Extracted material:

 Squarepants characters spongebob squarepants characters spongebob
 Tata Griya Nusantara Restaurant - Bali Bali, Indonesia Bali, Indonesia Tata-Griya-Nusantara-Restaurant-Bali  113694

---

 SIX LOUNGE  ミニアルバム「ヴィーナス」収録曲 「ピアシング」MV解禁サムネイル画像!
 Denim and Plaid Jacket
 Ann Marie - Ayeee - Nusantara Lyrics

What the task asks:
From the records above, copy out the line with "Denim and Plaid Jacket", the line with "Ann Marie - Ayeee - Nusantara Lyrics", and every line between them, word for word.

Response:
 Denim and Plaid Jacket
 Ann Marie - Ayeee - Nusantara Lyrics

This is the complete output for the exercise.